<<<<

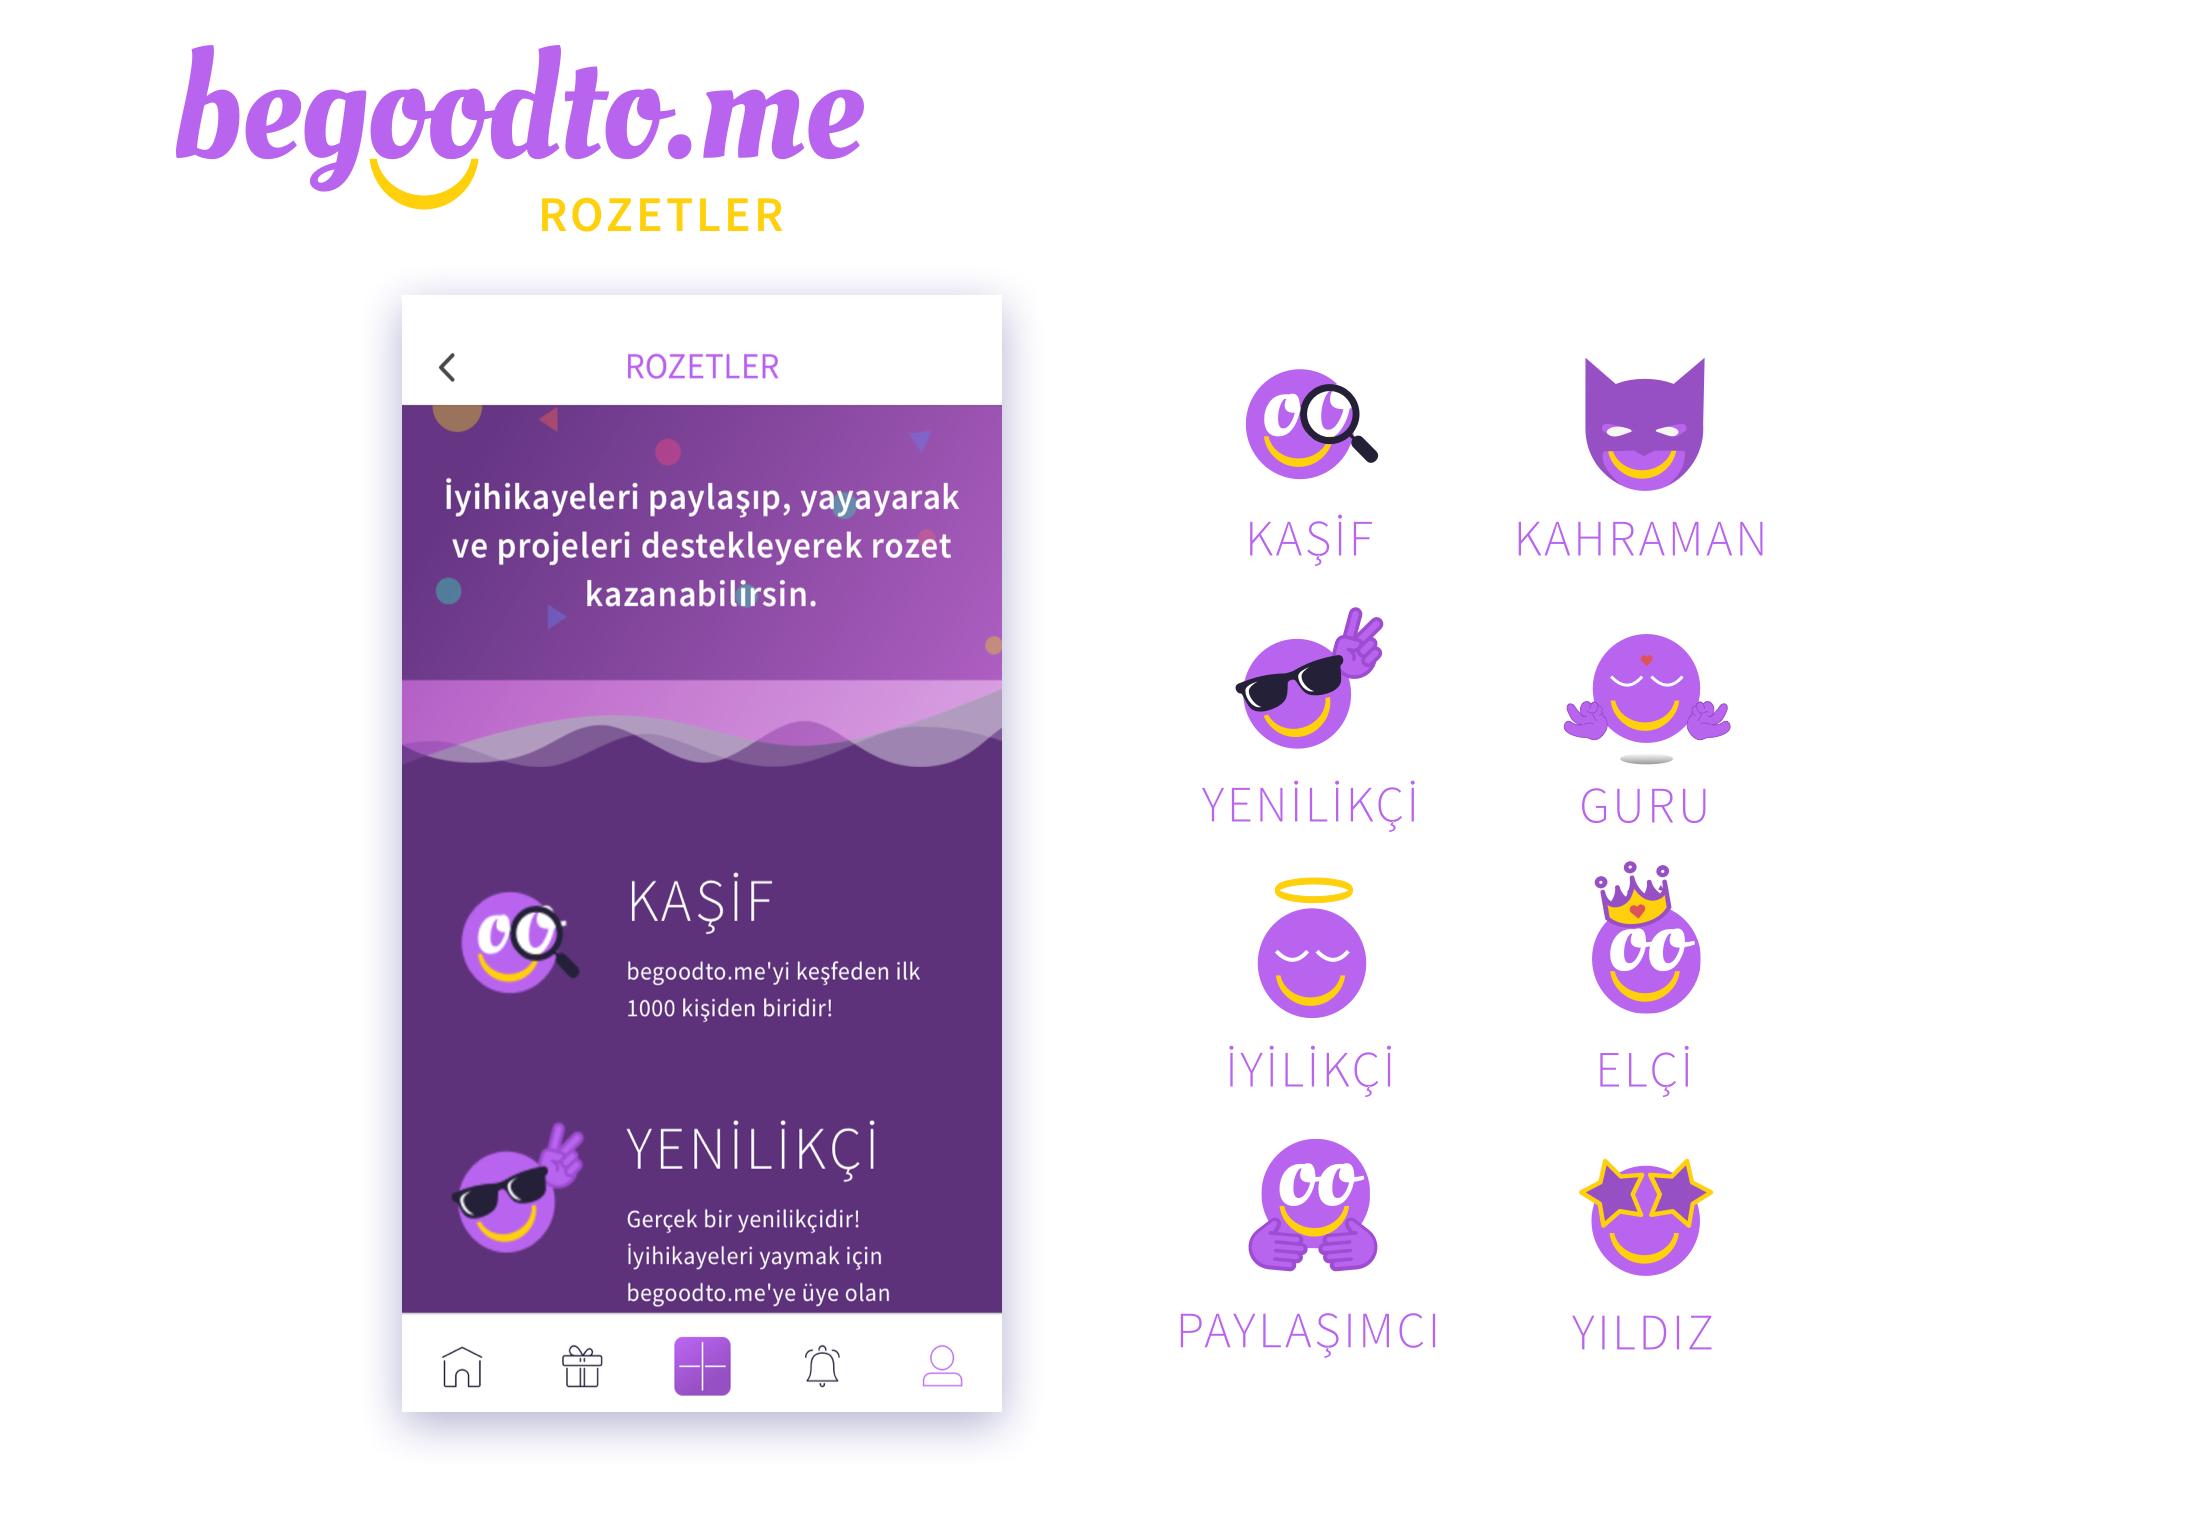 Badge Designs for begoodto.me
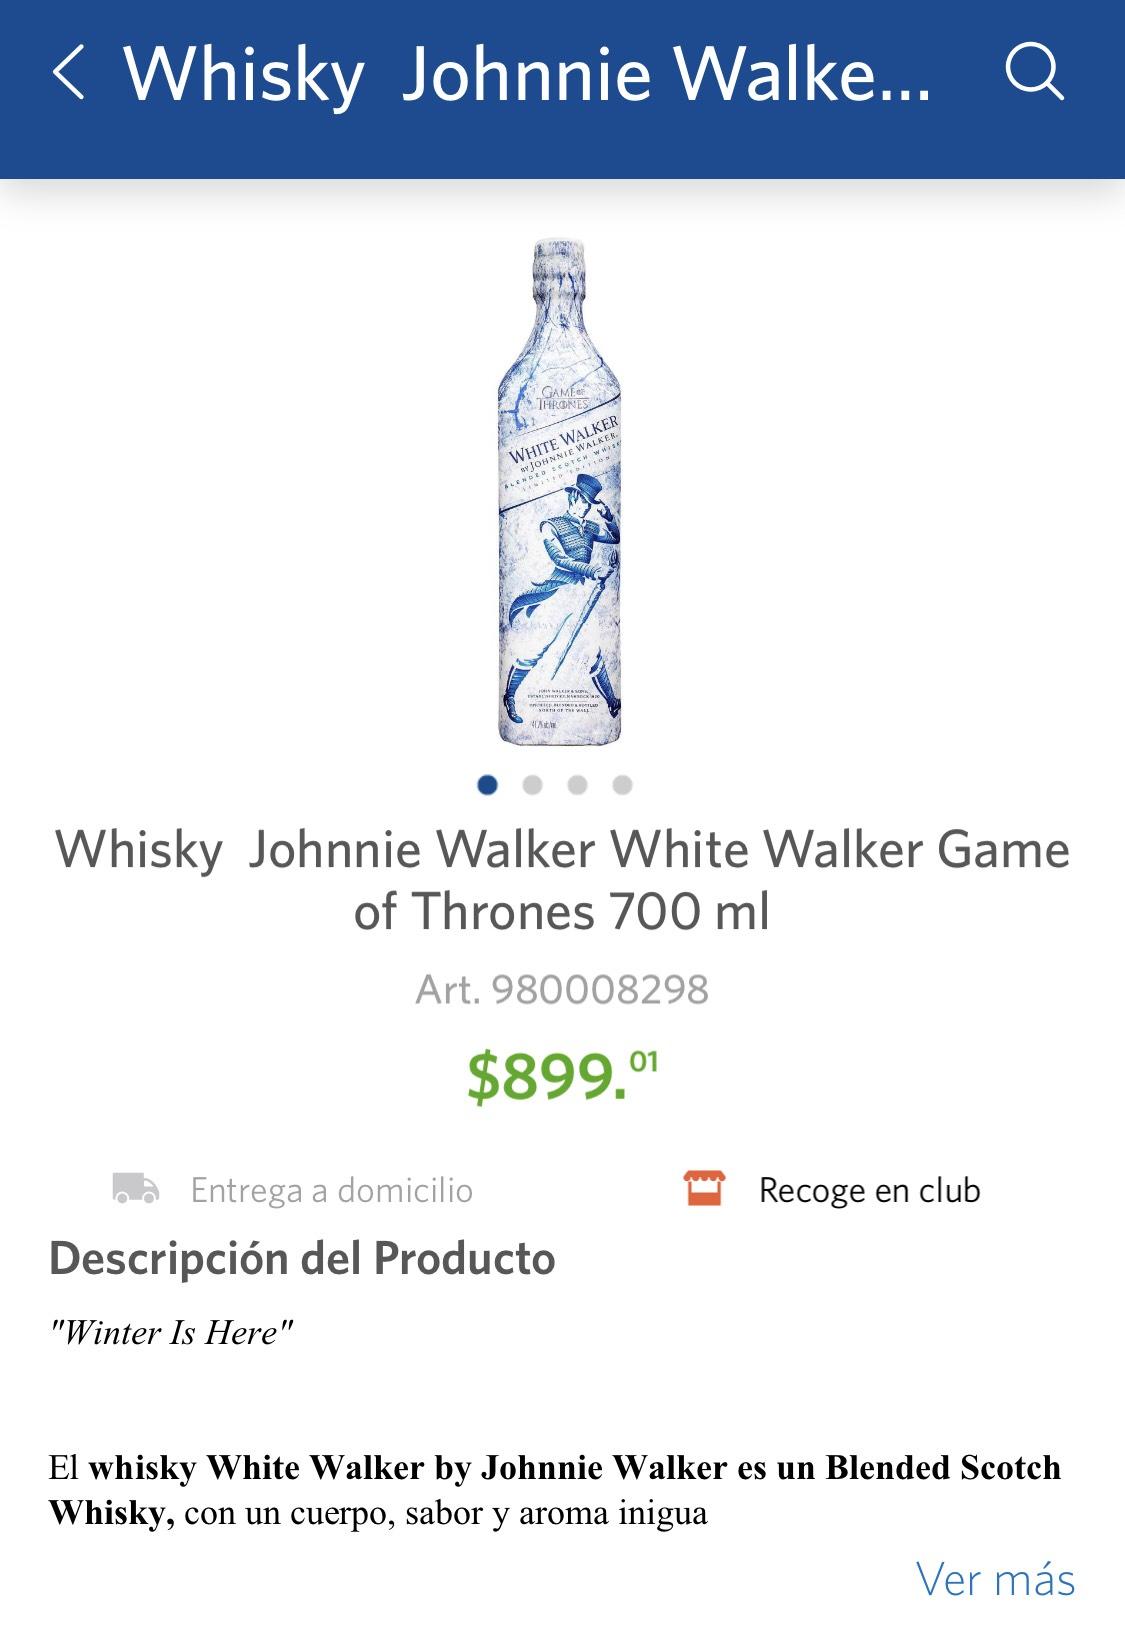 Sam's Club: Whisky Johnnie Walker White Walker Game of Thrones 700 ml
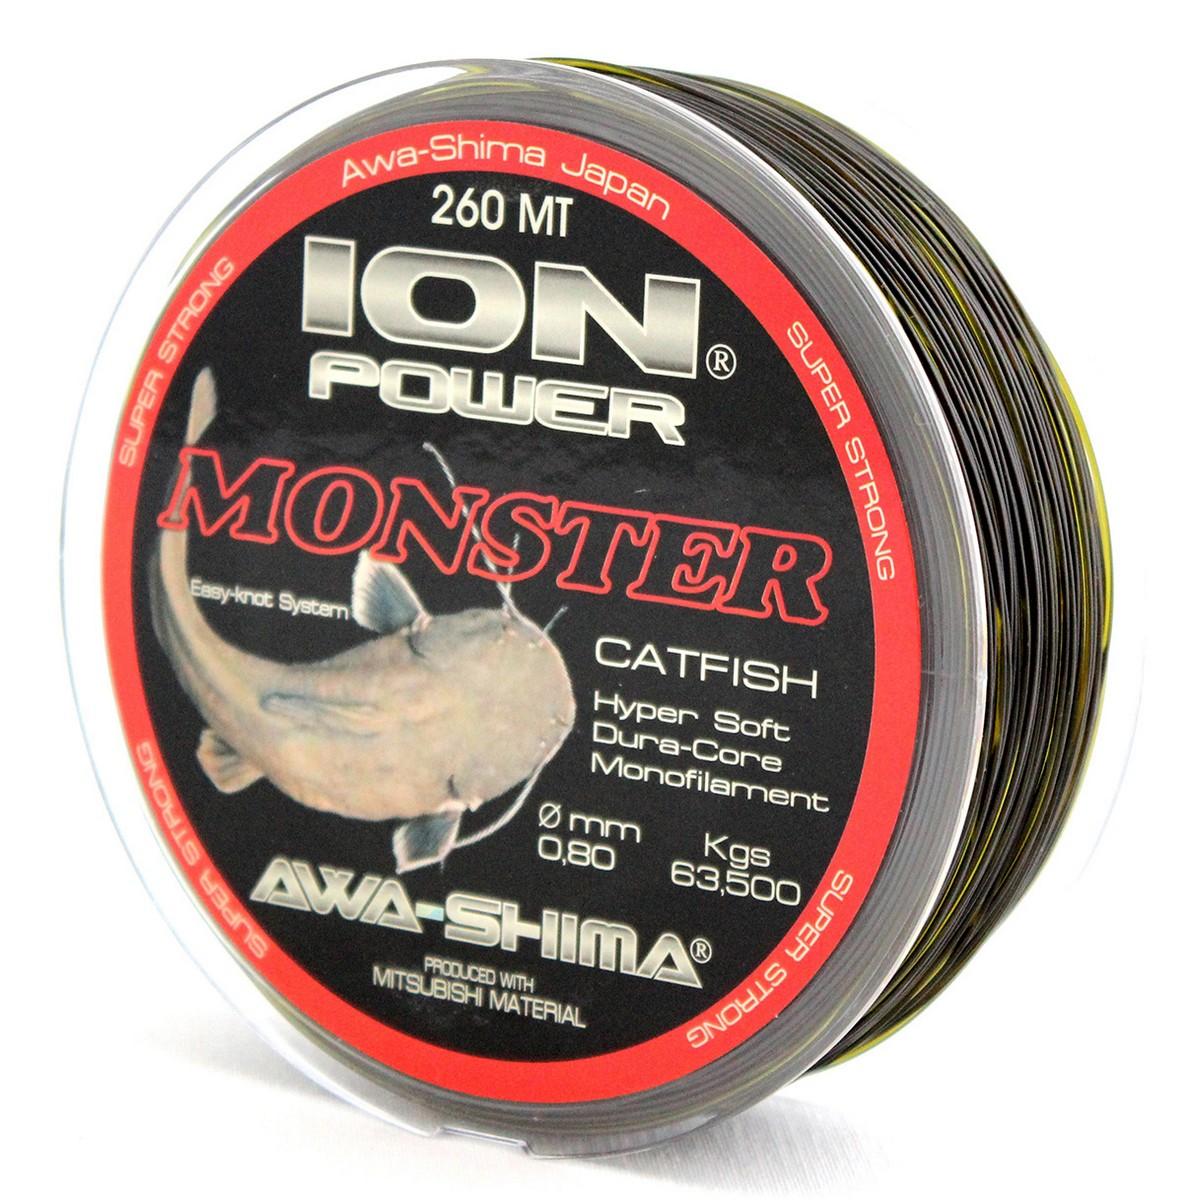 Риболовно влакно Awa-Shima Ion Power Monster 300m

>>>>

THE PROBLEM:
Set the pictures aside and transcribe the data above exactly.

TASK RESULT:
 Badge Designs for begoodto.me
 Sam's Club: Whisky Johnnie Walker White Walker Game of Thrones 700 ml
 Риболовно влакно Awa-Shima Ion Power Monster 300m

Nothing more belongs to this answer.